Community Development : Globalization or a Global Village?
The Basic IssueGlobalization is not a new concept to God. It seems He has waited a long time for us to view the world from his perspective, but it may be a long time yet before we view it with His attitude. That is the basic issue.
The disastrous events at the World Trade Center on September 11, 2001, have brought home to North Americans the reality of the global village, and the discomfort of many with globalization. Gone are the days when we can study "Rural Community Development" as a process tailored to maximizing satisfaction of the needs and wants of North Americans, separate from an optional extra course on "Rural Community Development from a Global Perspective".

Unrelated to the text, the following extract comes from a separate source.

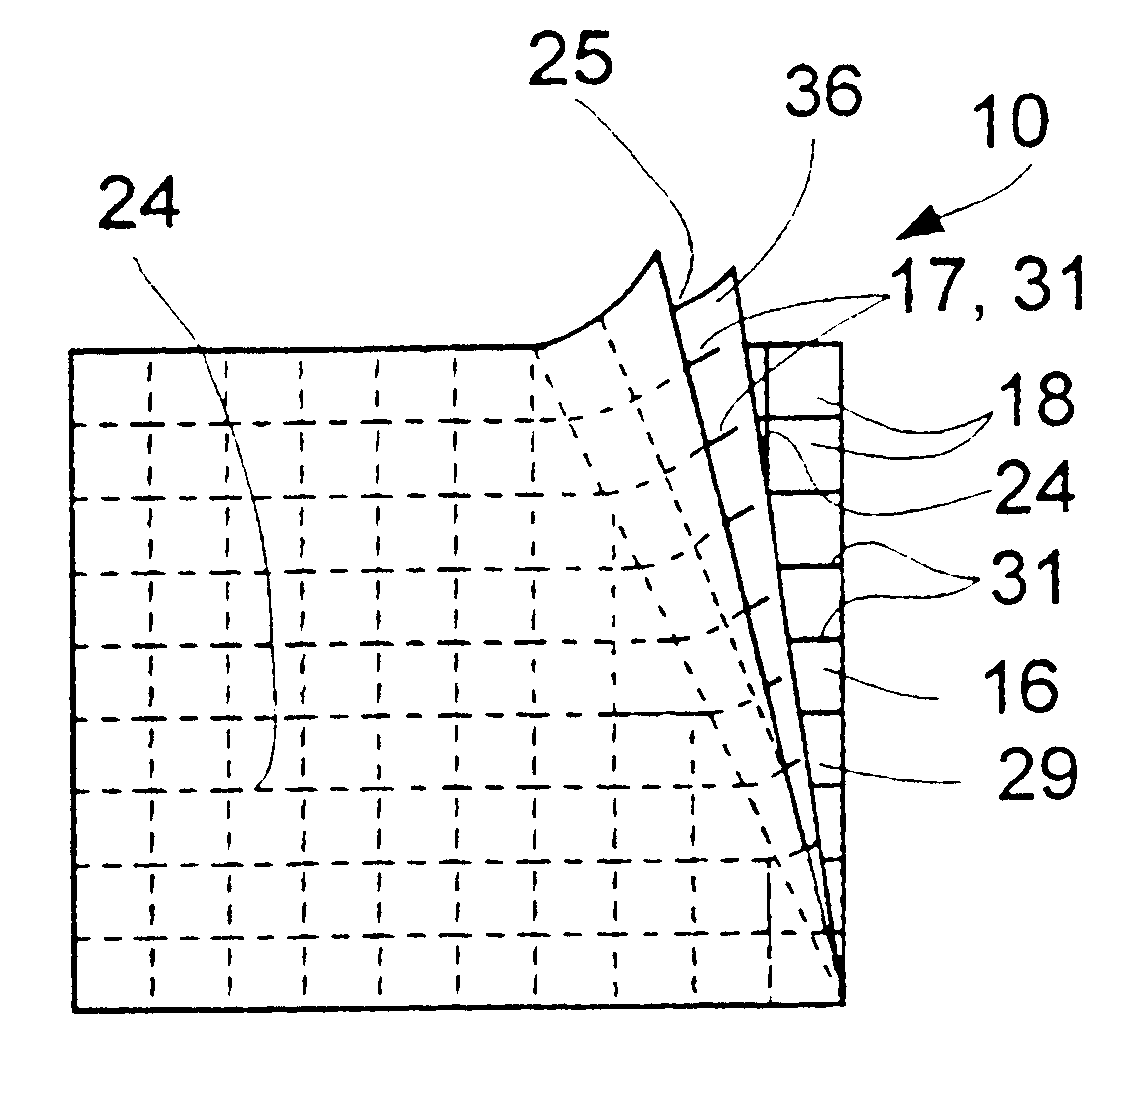 Sealing sheet assembly for construction surfaces and methods of making and applying same

Paulo Frieire, in his book Pedagogy of the Oppressed, commented that a friend of his insisted that North American Educational innovations that were not looked at through the screen of practicality in the enormous arena of third world's desperate reality, were irrelevant. The same could now be said for every aspect of North American life. For us to remain oblivious to the larger world context within which we all live, is to be as foolish as the man in the story who called out "Ha-ha, your end of the boat is sinking".
These pages attempt to encourage a reflection on the implications for Local Community Development practice in Westman of the "global village" reality. "Globalization", as such, is but one unfortunate part of the "global village" reality, reflecting as it does, our predisposition to turn everything we touch to our own advantage at the expense of the advantage of others.
My outlook has been profoundly affected by two things:
Both these perspectives will be overtly brought in periodically, but underlie the tone of the whole section of this web site.
- First, is the general background influence of Biblical based Christianity in my life.
- Second, is the 1999 edition of the handbook Rural Development - Principles, Policies, Management by Katyr Singh Writing out of the Indian sub-continent, this author paints a vivid picture of the working conditions off the North American oasis, not by telling us about it, but rather, by allowing us to listen in to his excellent handbook-guidance for local community development workers there. The effect arises not so much form anything said, as from the overall picture of a group of practitioners repeatedly struggling to push the proverbial "rock of Sisyphus" up the mountain only to have it roll back down again, making our task seem easy indeed.
I do not assume that everyone will be coming from the same perspective as I do, but I do assume that you, as readers, are mature enough to do your own translation of what I have to say into your own idiom.